Exxon also has positions in Germany and Hungary. The oil giant expects to drill 10 test wells this year in Germany’s Lower Saxony basin but it has not announced any further plans in Hungary after disappointing results last year. Exxon and partners Mol and Falcon plugged and abandoned a well they drilled in Hungary’s Mako Trough after it produced more water than gas. Meanwhile, Royal Dutch Shell started a test drilling program in southern Sweden in January. It plans to have drilled three wells by the end of March.   Shell is also testing shale formations in the Ukraine along with several exploration programs outside of Europe. For example, Shell and PetroChina signed an agreement in November to jointly develop shale-gas resources in southwestern Sichuan province. BP and Sinopec are in talks intended to produce a similar agreement.

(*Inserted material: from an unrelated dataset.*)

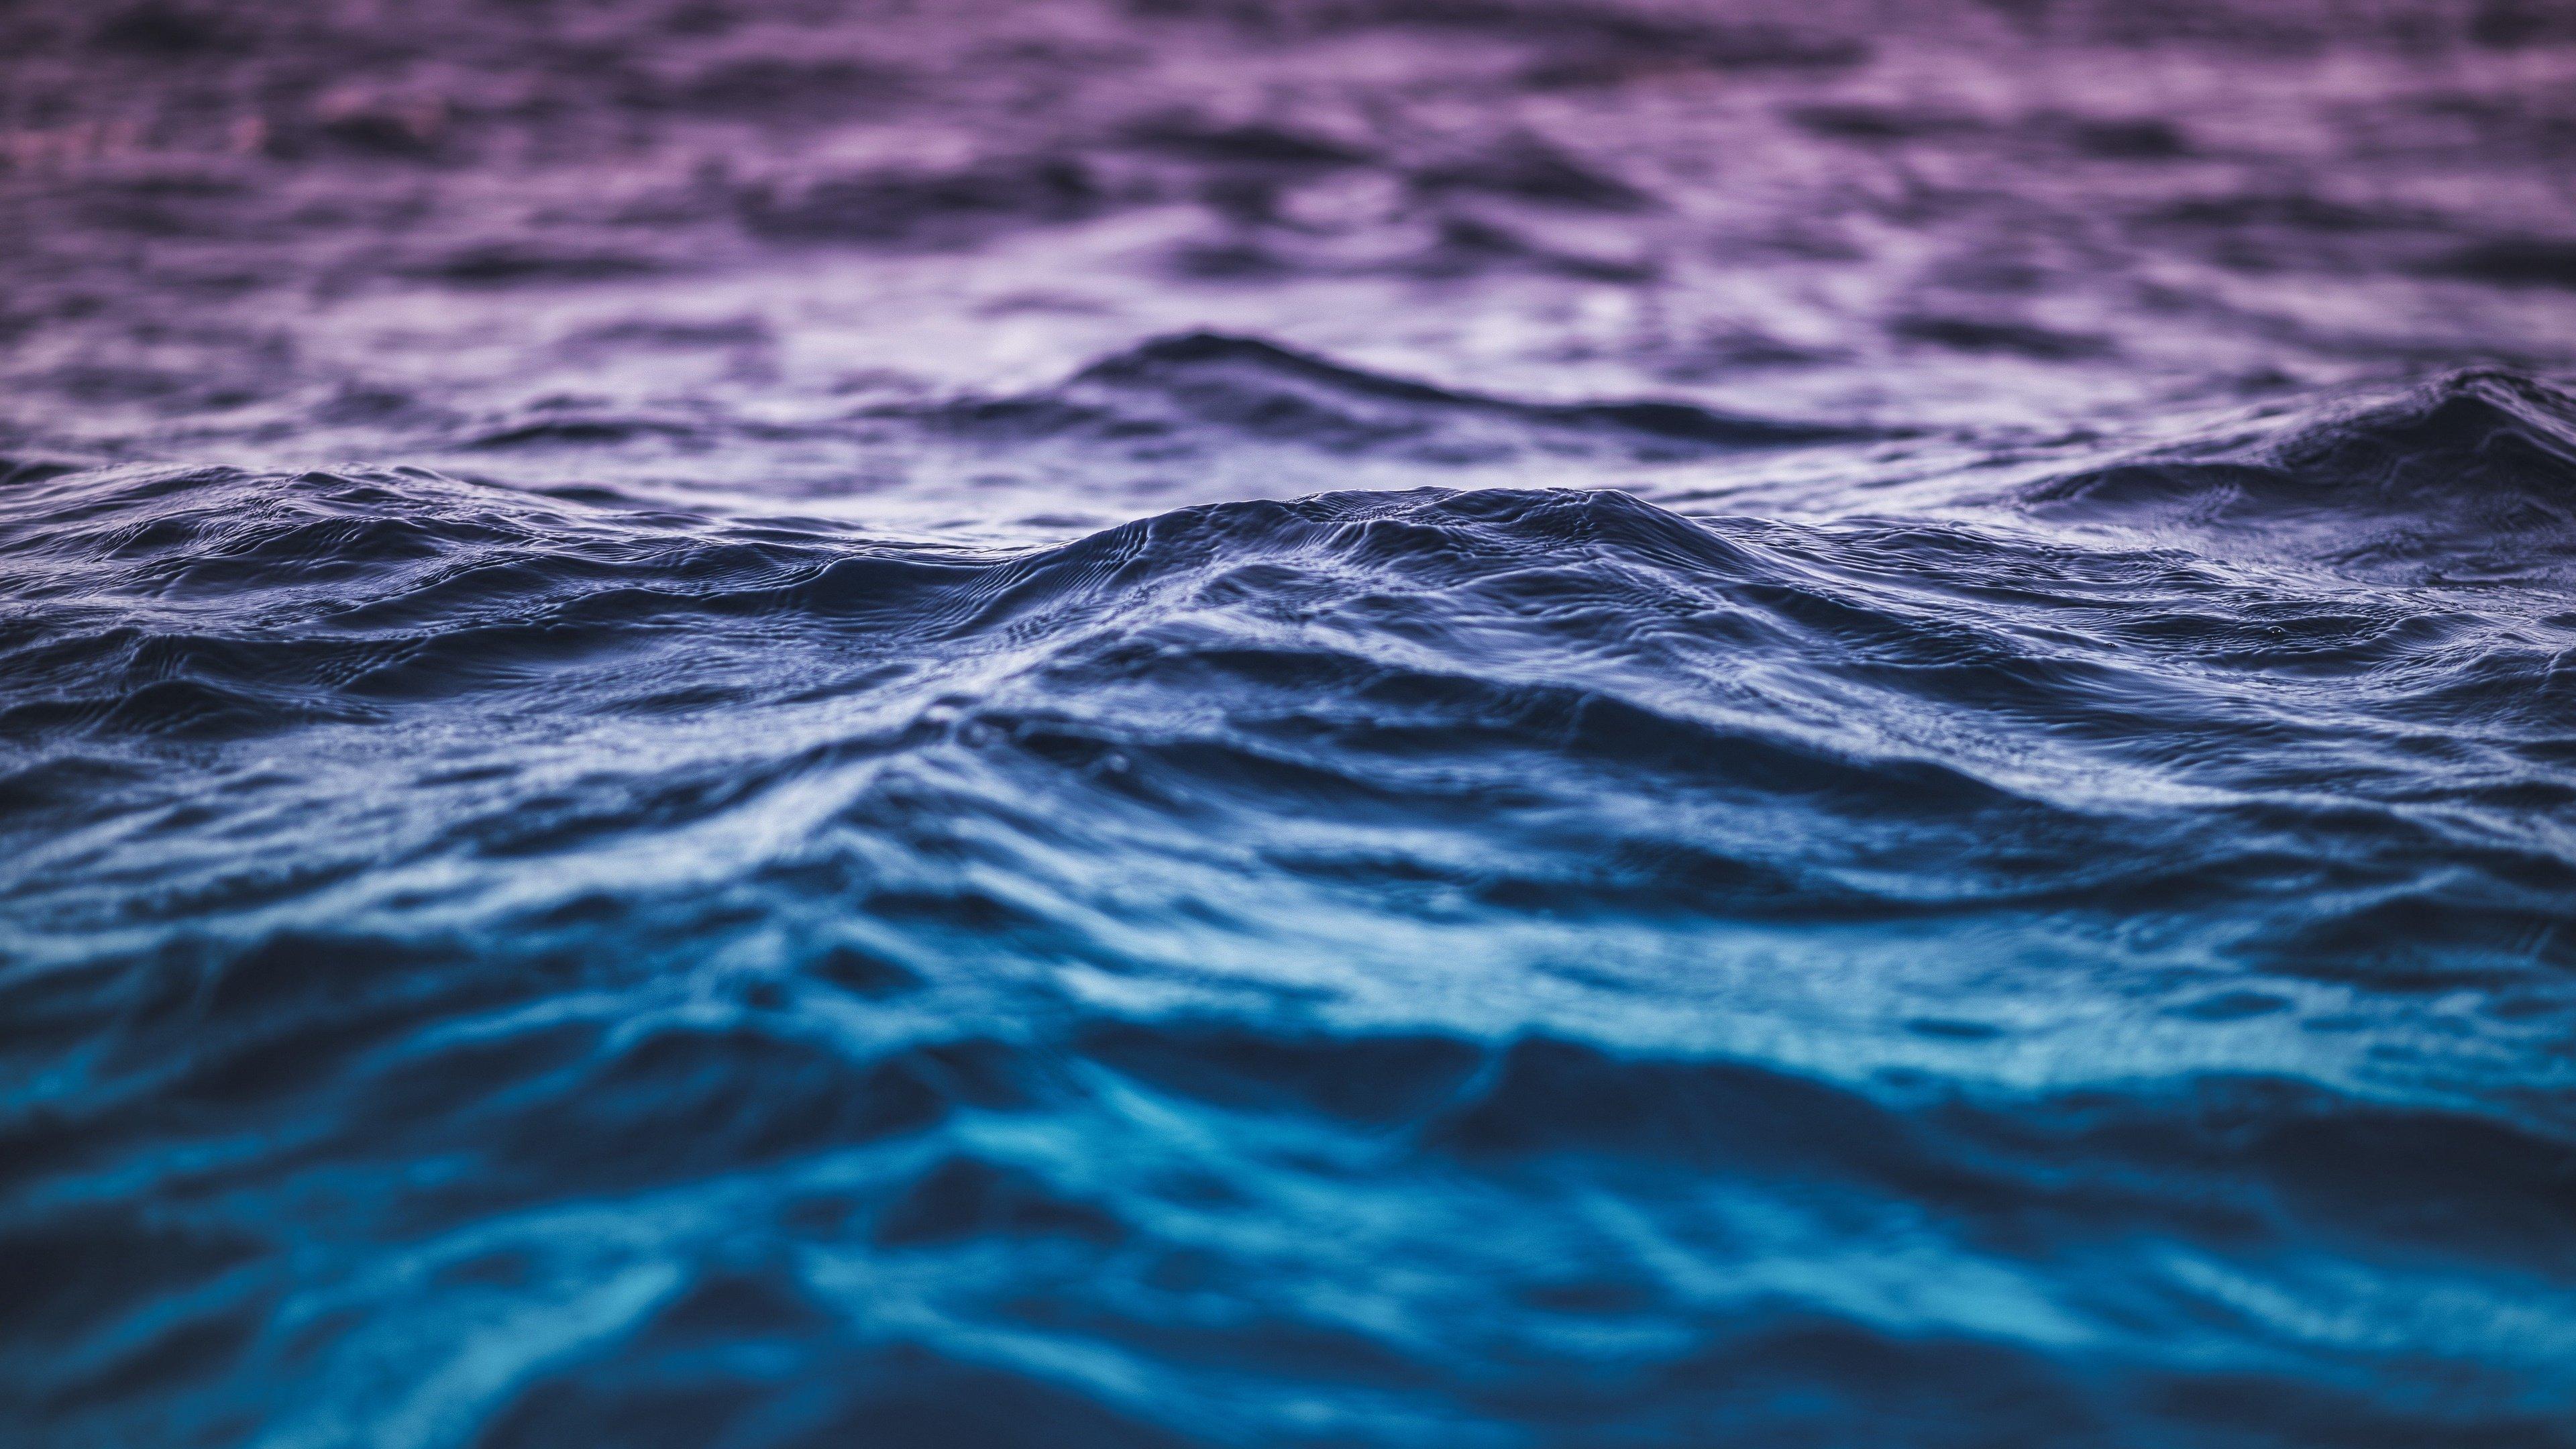 Blue And Purple Gradient Waves Wallpaper 4k Ultra Hd Id 3453

Back in Europe, smaller firms are also flocking to shale plays. So far this year, EuroGas Ukraine Ltd, a subsidiary of New York based EuroGas acquired three unconventional gas concessions in eastern Ukraine, while Vancouver-based Realm Energy said it had submitted applications for oil and gas rights in seven European countries, extending over 1.5 million acres of land.  Realm is collaborating with oil field service giant Halliburton to explore and develop shale plays in Europe and elsewhere.

The rush to emulate the success of the North American shale gas boom in Europe drew a skeptical response from the chief executive of one of the leading US shale gas producers last week.  “It is a little bit curious if not a little bit funny that a lot of the majors that missed the US shale plays are now describing themselves as shale experts and Poland and places like that,” Chesapeake Energy's Aubrey McClendon told the Credit Suisse Energy Summit in Vail, Colorado.
 McClendon noted that Chesapeake had looked into the global potential for shale gas as part of its joint venture with Norwegian firm Statoil. “I haven’t seen anything yet that is going to rival anything we’re doing in the US from a return perspective,” he said.
 He went on to say that he thought companies would have a hard time in Europe because it would be hard to find viable plays with the necessary combination of factors: “the right rocks”, reasonable commercial returns, favorable laws, infrastructure and indigenous demand for gas.